## [WHAT YOU HAVE TO DO]
The result should hold only the lines from the one with "nike dri fit" through the final line of the data below, transcribed exactly, pictures left out.

## [INPUT DATA]
━━━━━━━━━━

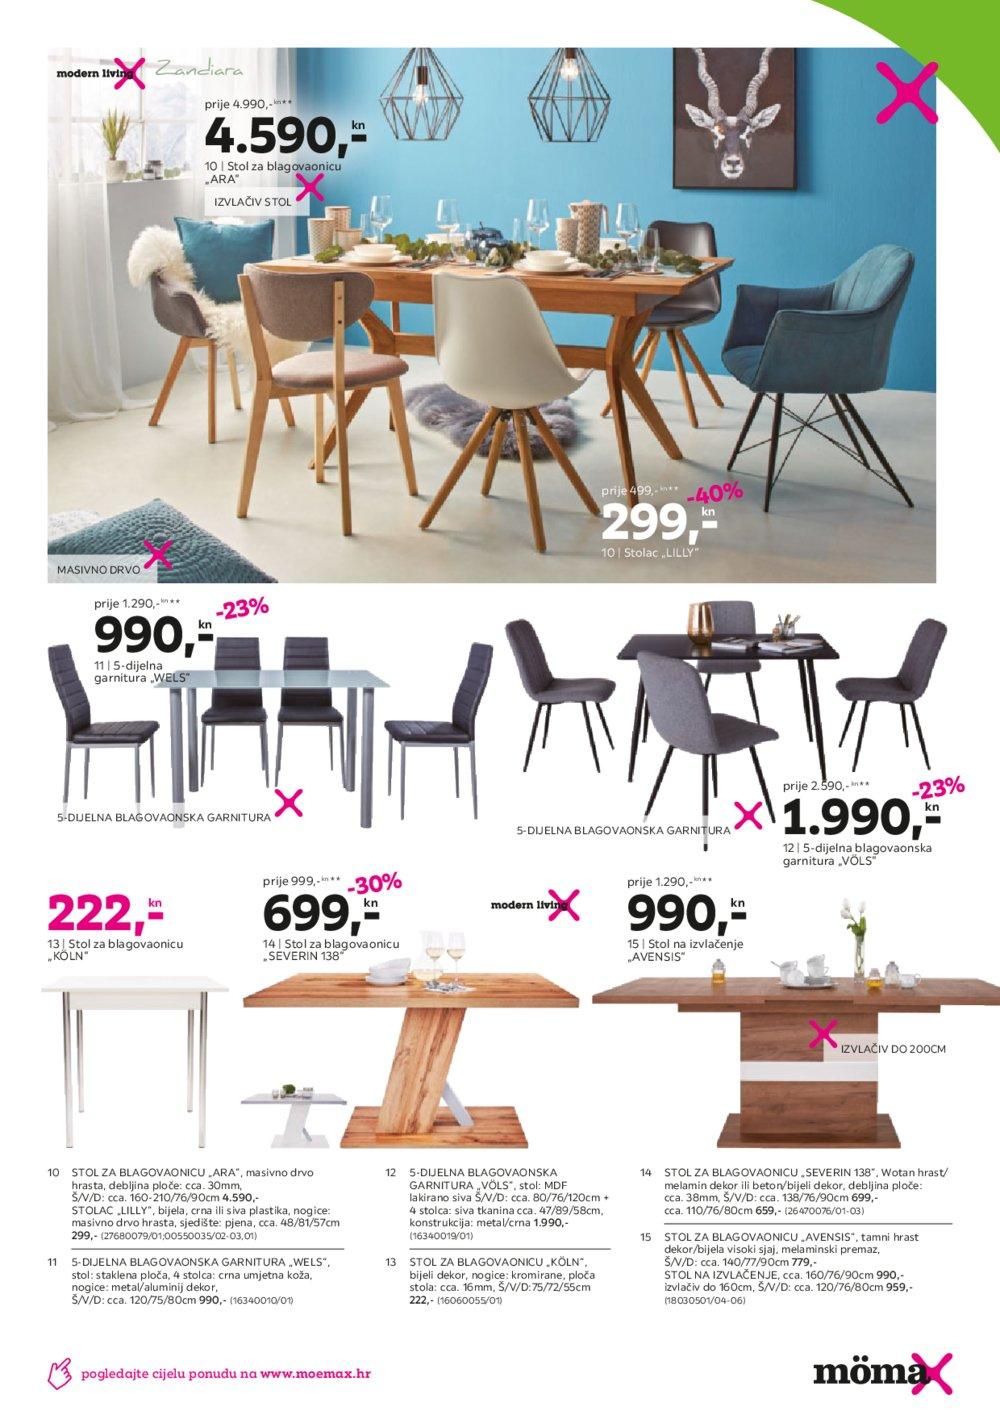 Momax katalog Kuhinje po mjeri 14.07.-03.08.2020.
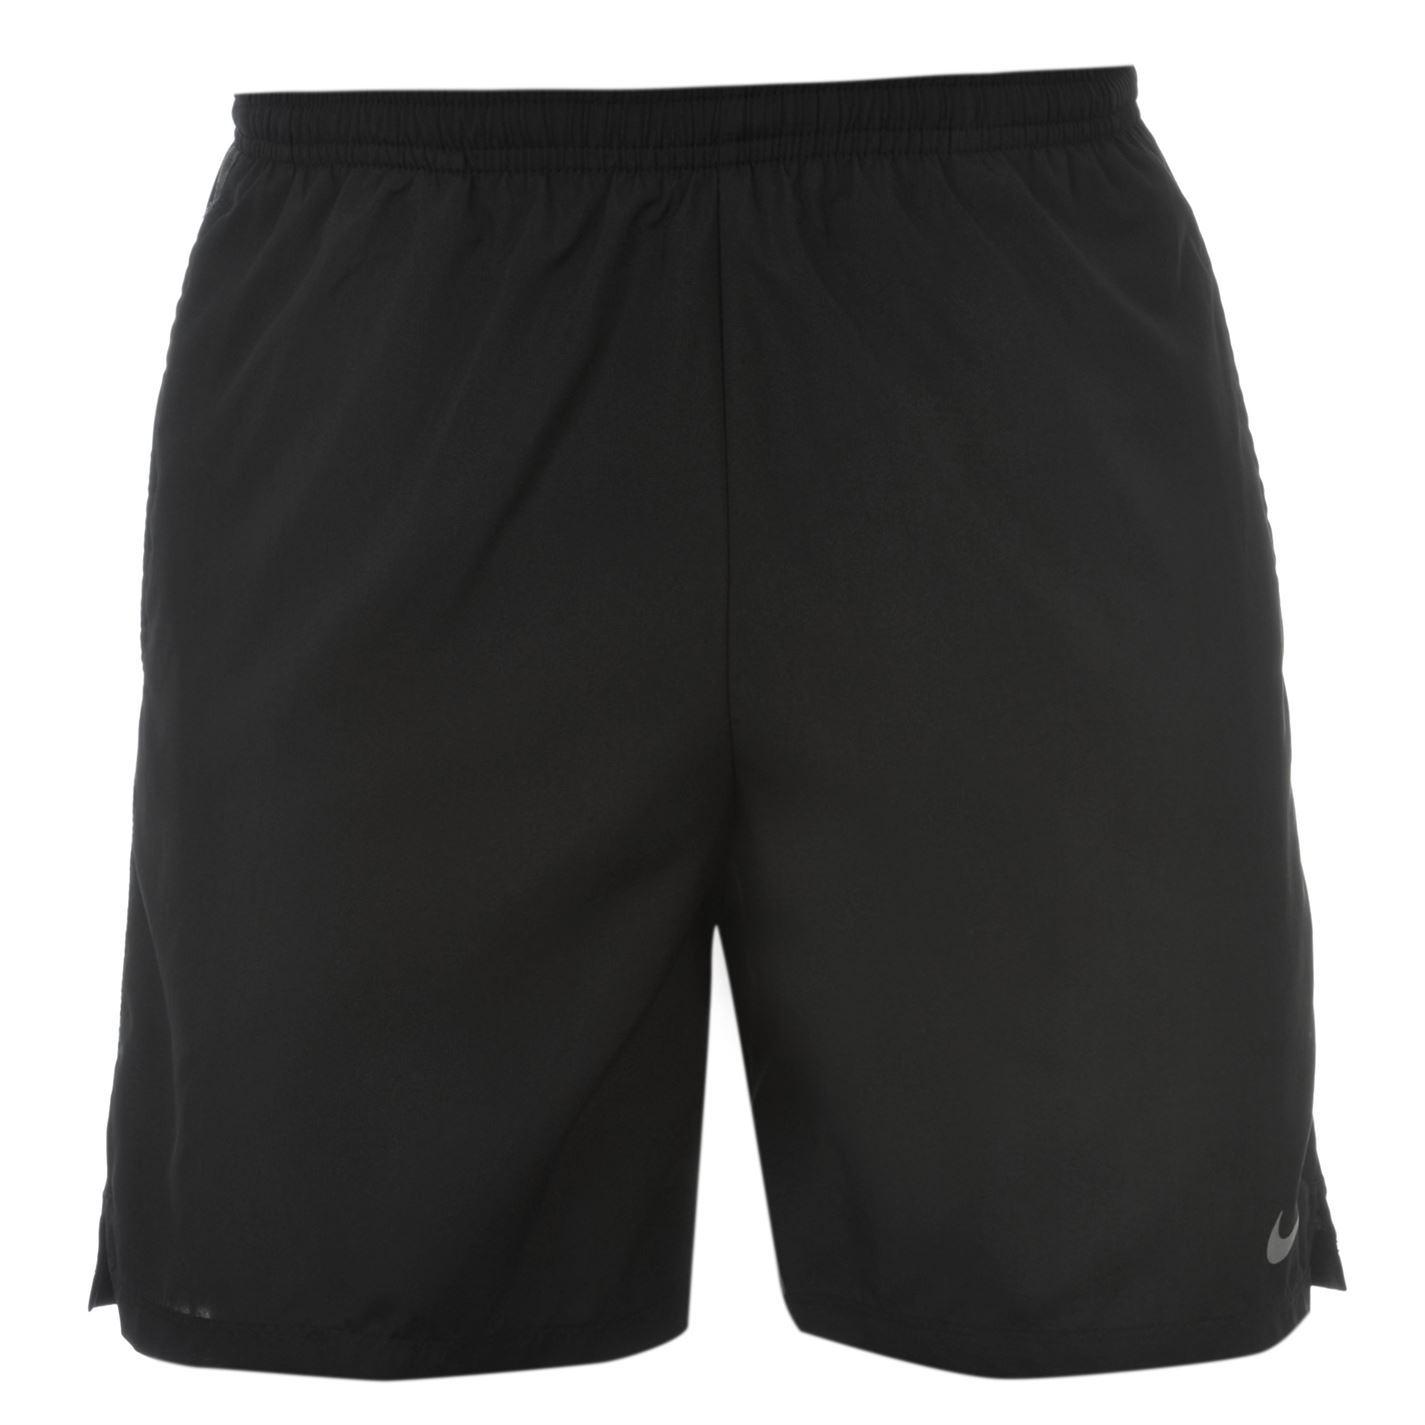 nike dri fit 7 inch challenge mens running shorts black grey jogging sportswear ebay
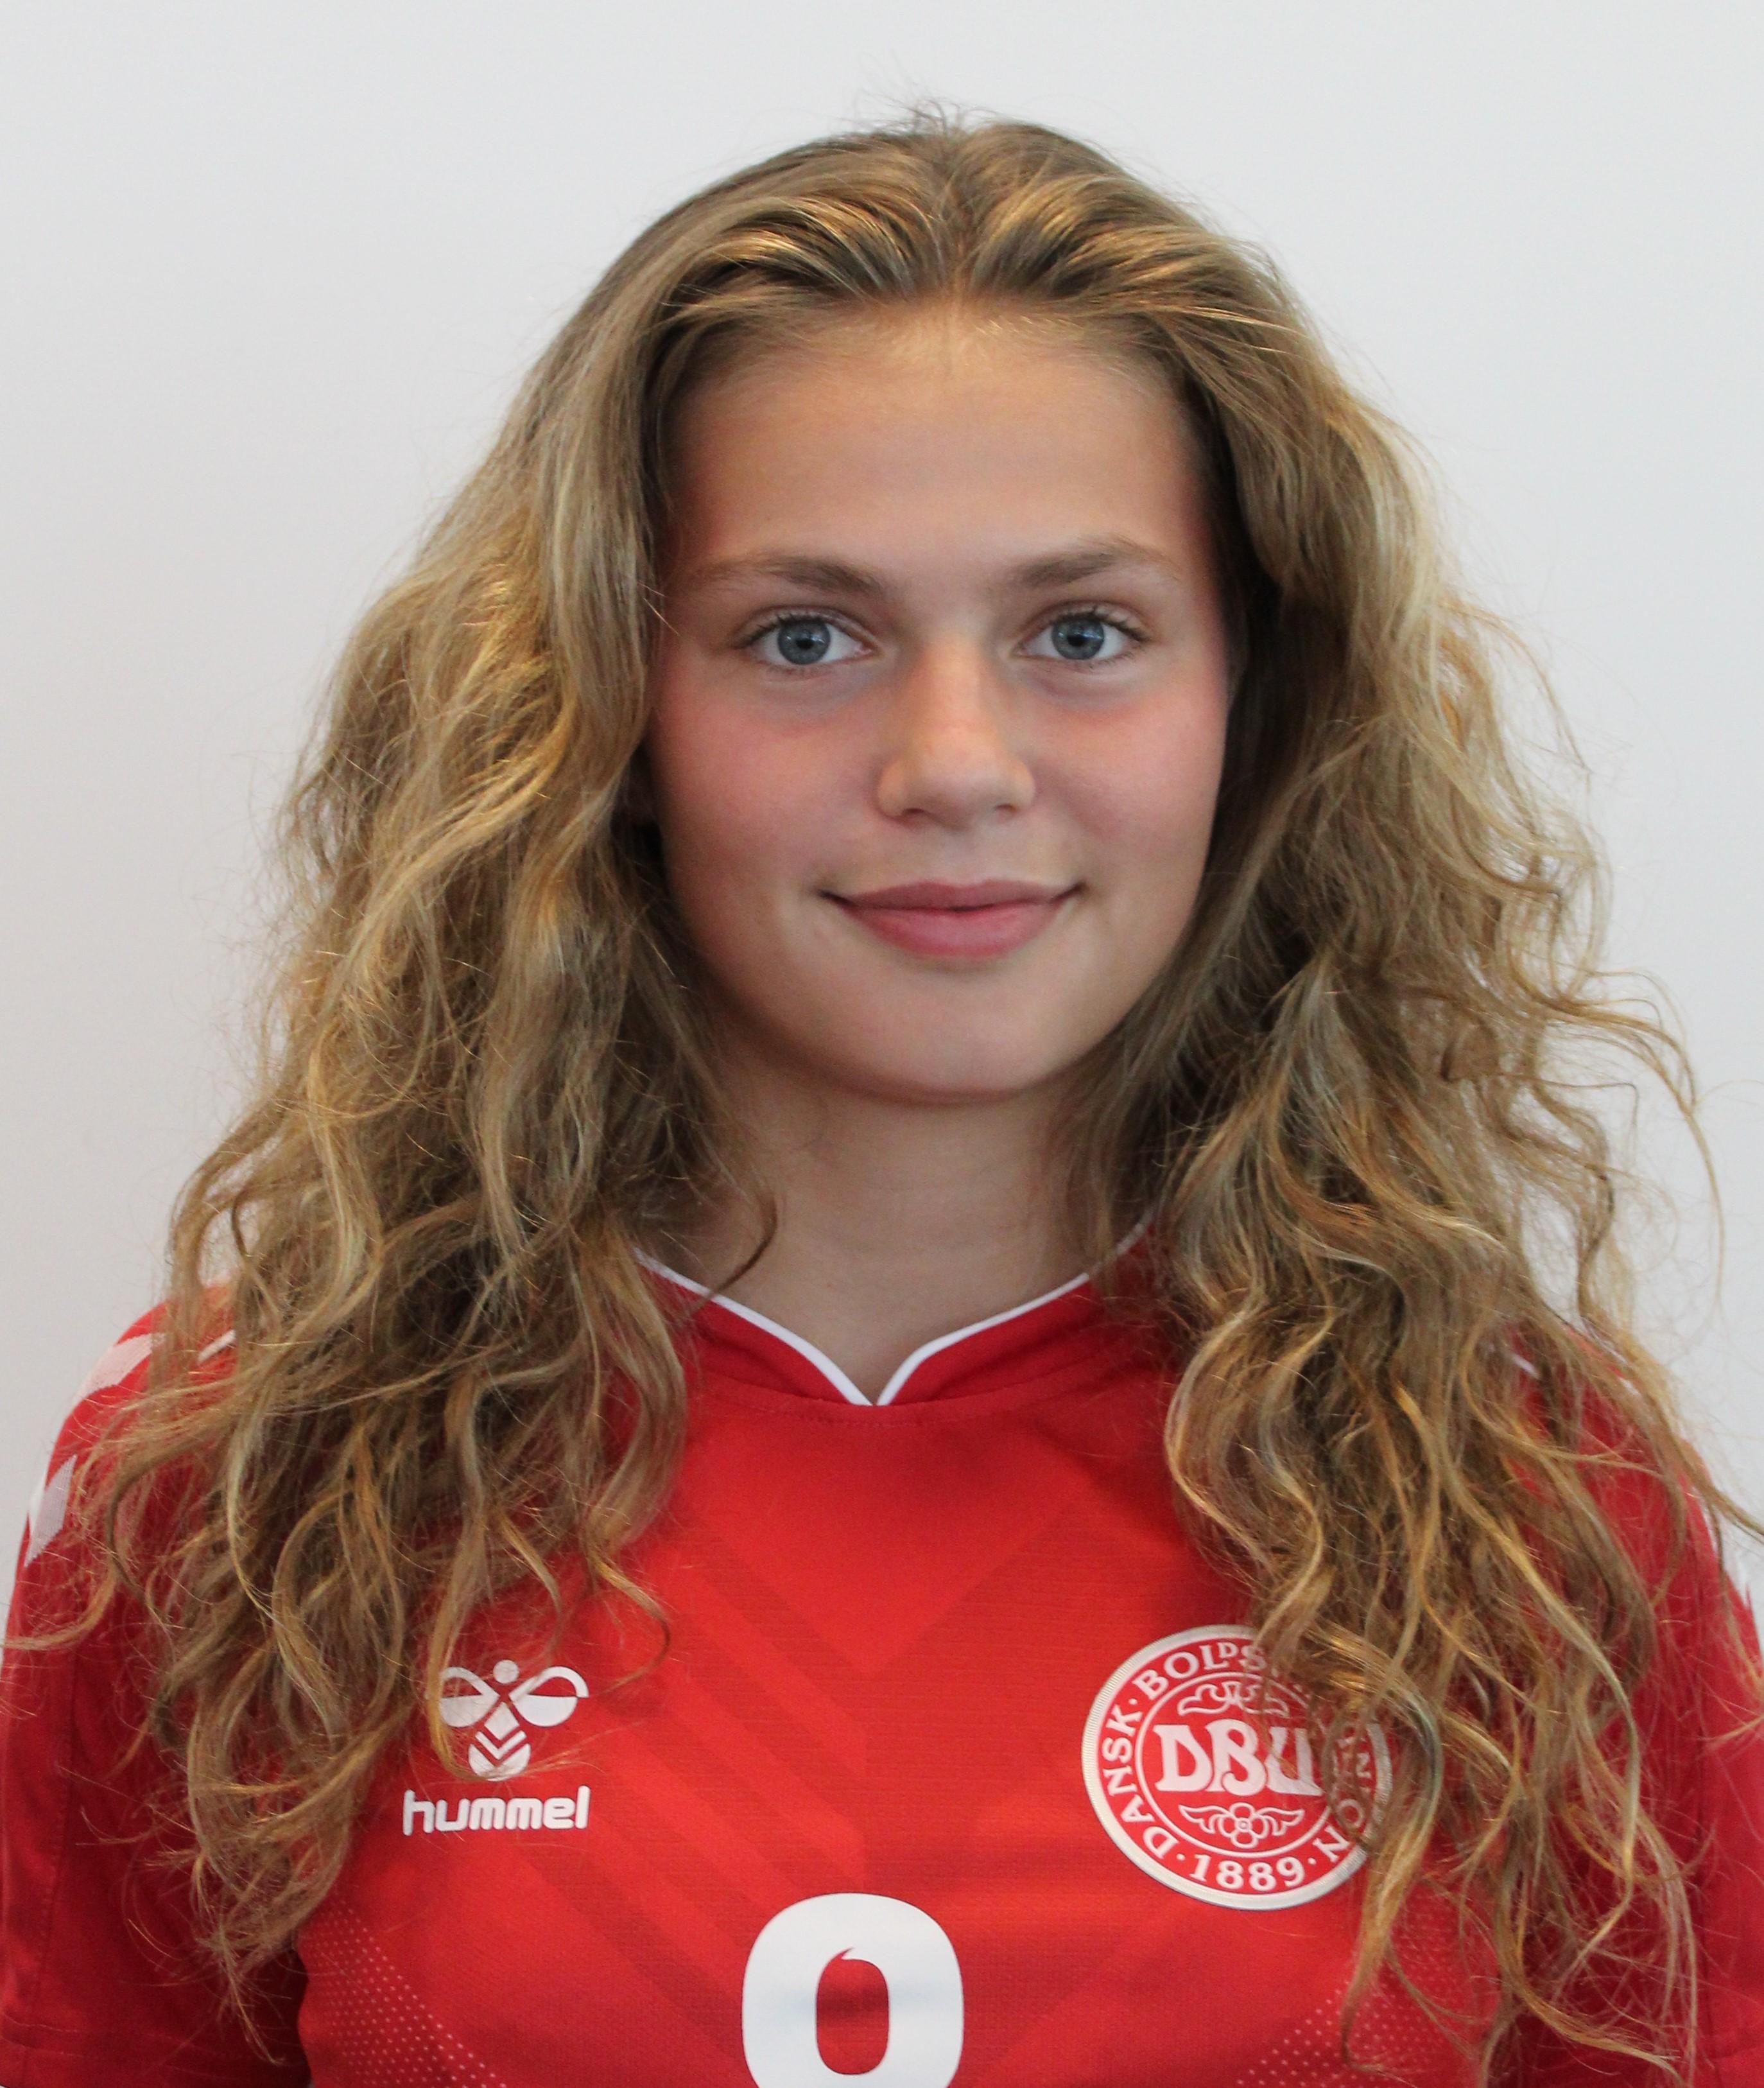 Maja Hagemann

━━━━━━━━━━

## [ANSWER BOX]
 nike dri fit 7 inch challenge mens running shorts black grey jogging sportswear ebay
 Maja Hagemann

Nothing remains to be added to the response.